Treatment for patients with parenchymal disease usually is initiated with oral prednisone at a daily dose of 0.3 to 0.6 mg/kg ideal body weight (usually 20 to 40 mg/d).3 This dose can be tapered to 0.2 to 0.4 mg/kg (usually 10 to 20 mg/d) over 6 months, depending on patient response.4 Response is assessed by clinical improvement in association with changes in radiographic and physiologic abnormalities. An increase in FVC or total lung capacity of 10% to 15% and in DLCO of 20% is considered a favorable response.

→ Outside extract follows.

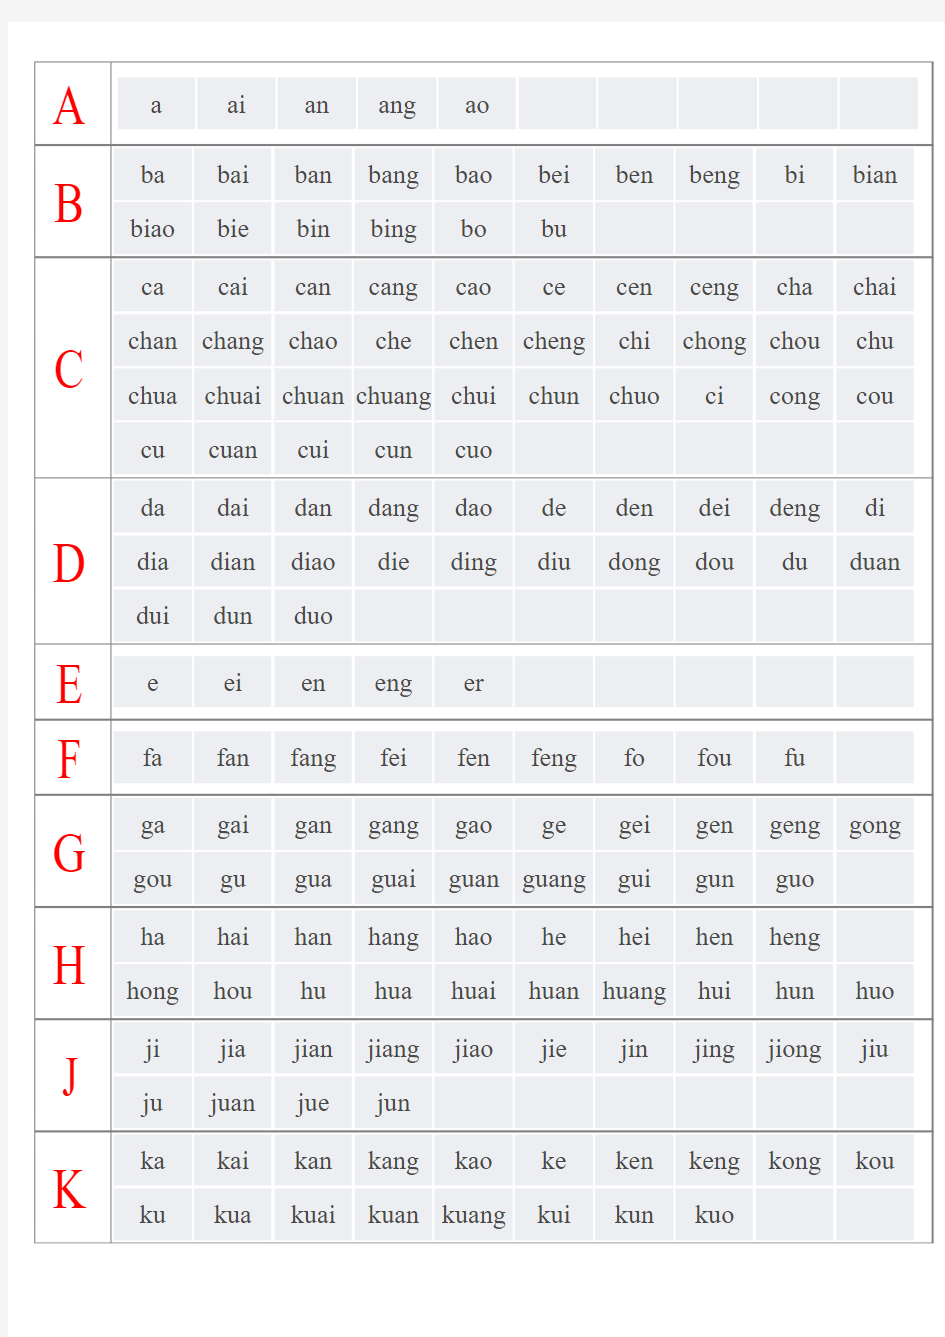 汉语拼音音节索引表-表格无汉字

The total treatment period is around 1 year, after which corticosteroids may be discontinued in the majority of patients. Some patients relapse and require re-treatment; others may require more prolonged treatment (alternate-day therapy with corticosteroids may be used).5 In patients in whom refractory disease develops while they are receiving corticosteroids and in those who have unacceptable toxicity, corticosteroid-sparing agents such as methotrexate and azathioprine may be tried. Few reports of bronchoscopic dilatation to relieve airway obstruction have been published.6
• Sarcoidosis should be considered in the differential diagnosis of poorly responsive asthma.
• Obstructive symptoms resulting from airway involvement can occur in patients with pulmonary sarcoidosis but less frequently than a decrease in DLCO and restrictive disease.
• Bronchoscopy is more valuable than HRCT in the management of endobronchial sarcoidosis.
• Management of severe airway disease is similar to that of standard pulmonary sarcoidosis except that inhaled corticosteroids may be used in addition to systemic corticosteroids.
1. Mihailovic-Vucinic V, Jovanovic D. Pulmonary sarcoidosis. Clin Chest Med. 2008;29:459-473, viii-ix.
2. Polychronopoulos VS, Prakash UB. Airway involvement in sarcoidosis. Chest. 2009;136:1371-1380.
3. Schutt AC, Bullington WM, Judson MA. Pharmacotherapy for pulmonary sarcoidosis: a Delphi consensus study. Respir Med. 2010;104:717-723.
4. Johns CJ, Zachary JB, Ball WC Jr. A ten-year study of corticosteroid treatment of pulmonary sarcoidosis. Johns Hopkins Med J. 1974;134:271-283.
5. DeRemee RA. Sarcoidosis. Mayo Clin Proc. 1995;70:177-181.
6. Iles PB. Multiple bronchial stenoses: treatment by mechanical dilatation. Thorax. 1981;36:784-786.